(Supplied data)

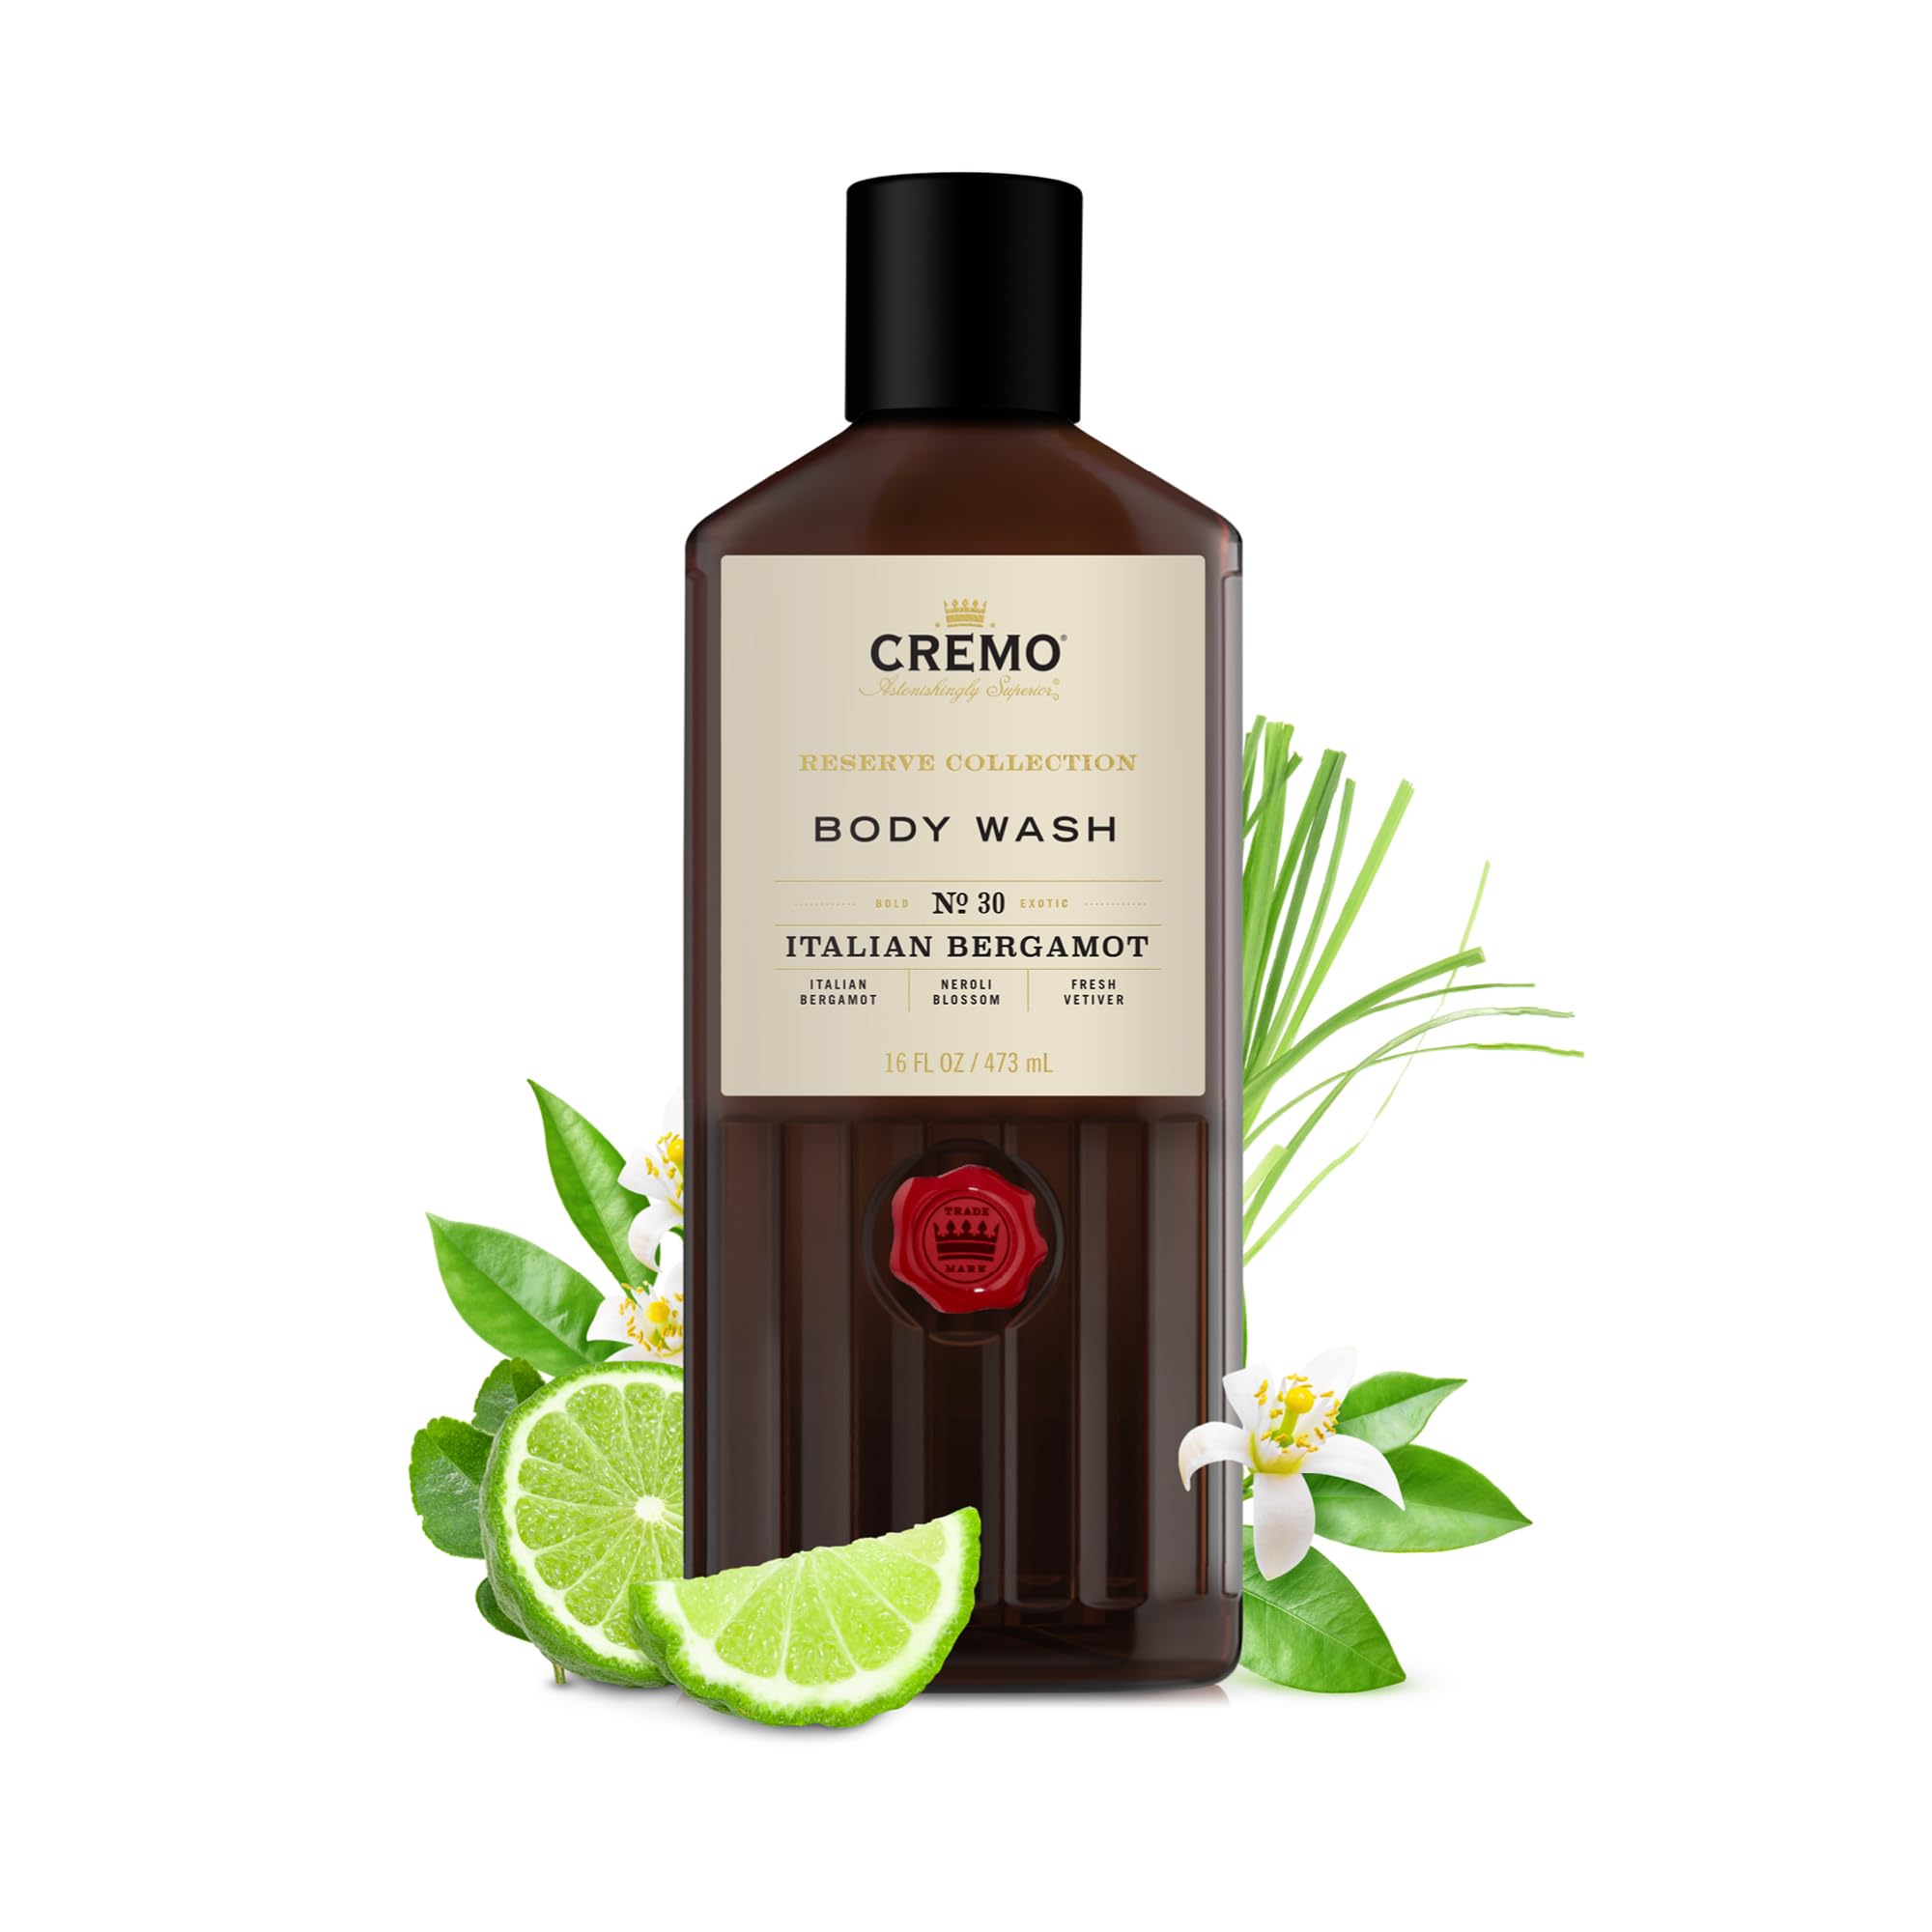 Cremo Rich-Lathering Italian Bergamot Body Wash, Notes of Italian Bergamot, Neroli Blossom, and Fresh Vetiver, 16 Fl Oz
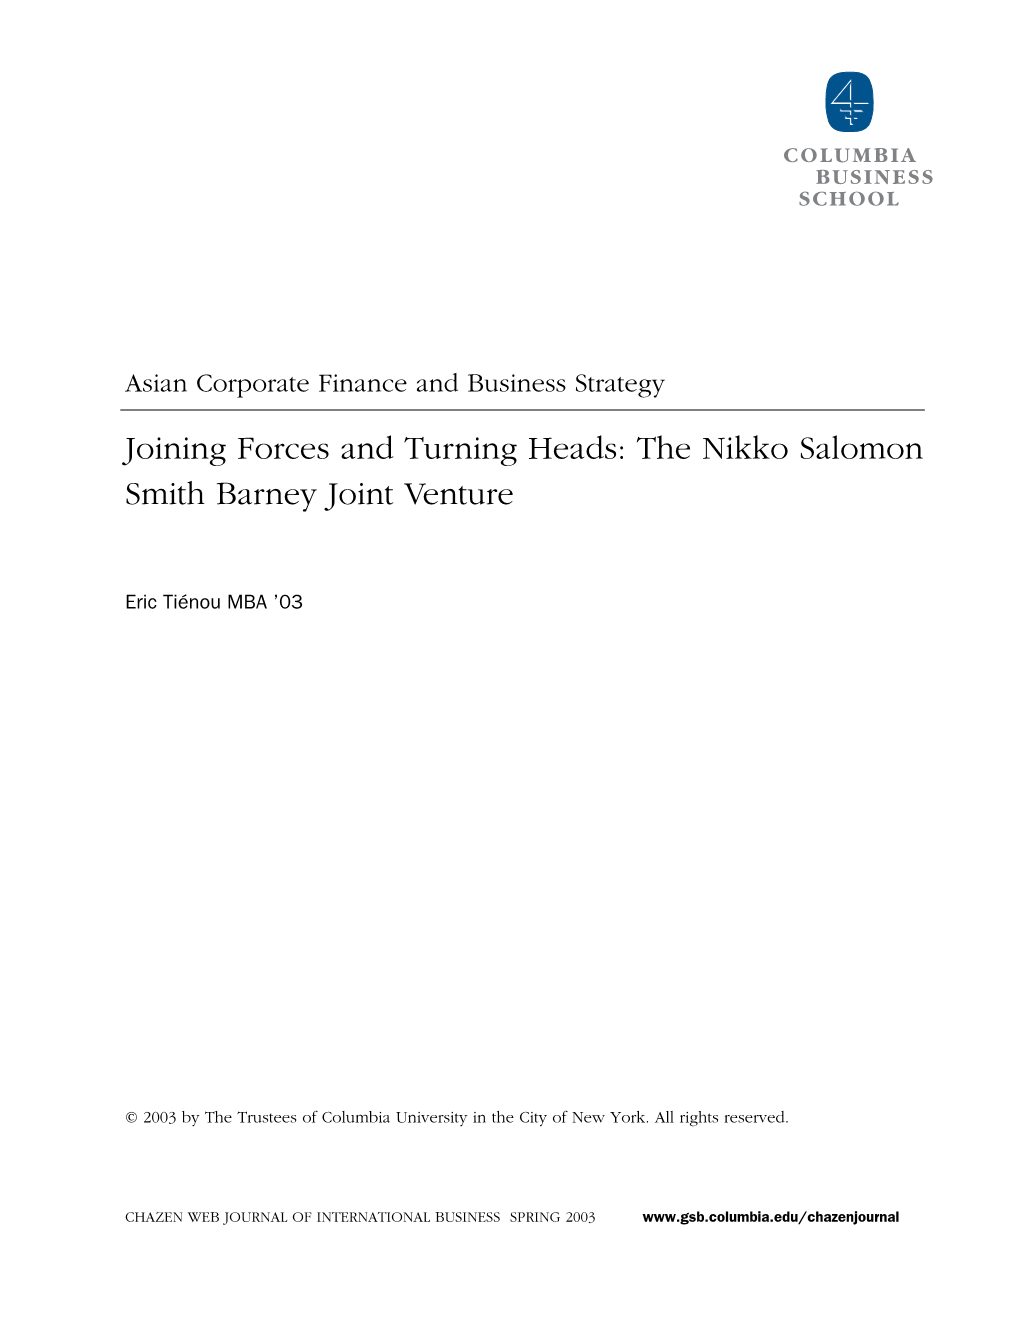 The Nikko Salomon Smith Barney Joint Venture
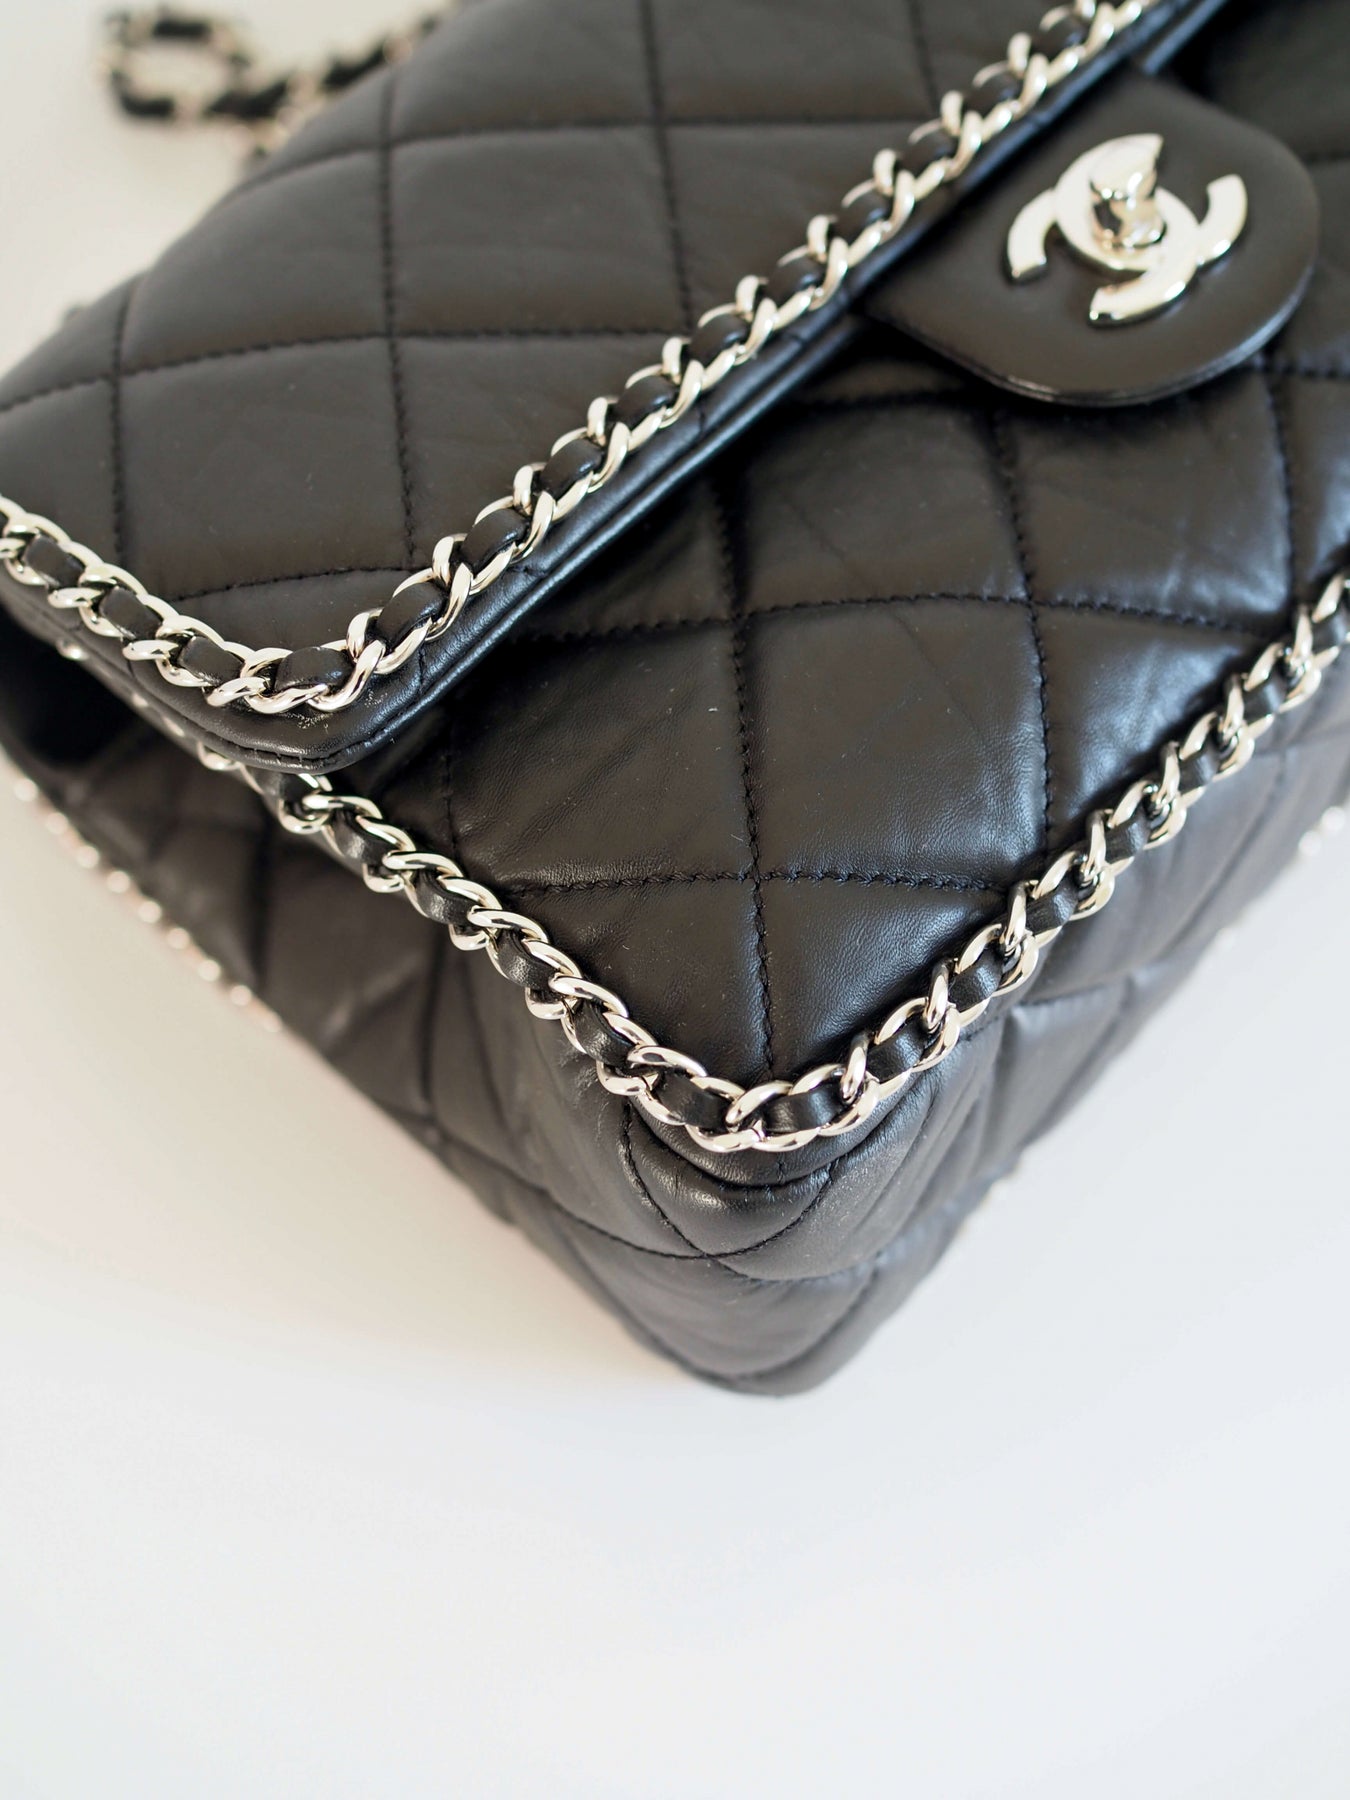 Chanel Crumpled Calfskin Leather Medium Running Chain Around Red Flap Bag

(End Supplied data)

All of the material above must be retyped exactly, line for line, with the images dropped.

 Cremo Rich-Lathering Italian Bergamot Body Wash, Notes of Italian Bergamot, Neroli Blossom, and Fresh Vetiver, 16 Fl Oz
 The Nikko Salomon Smith Barney Joint Venture
 Chanel Crumpled Calfskin Leather Medium Running Chain Around Red Flap Bag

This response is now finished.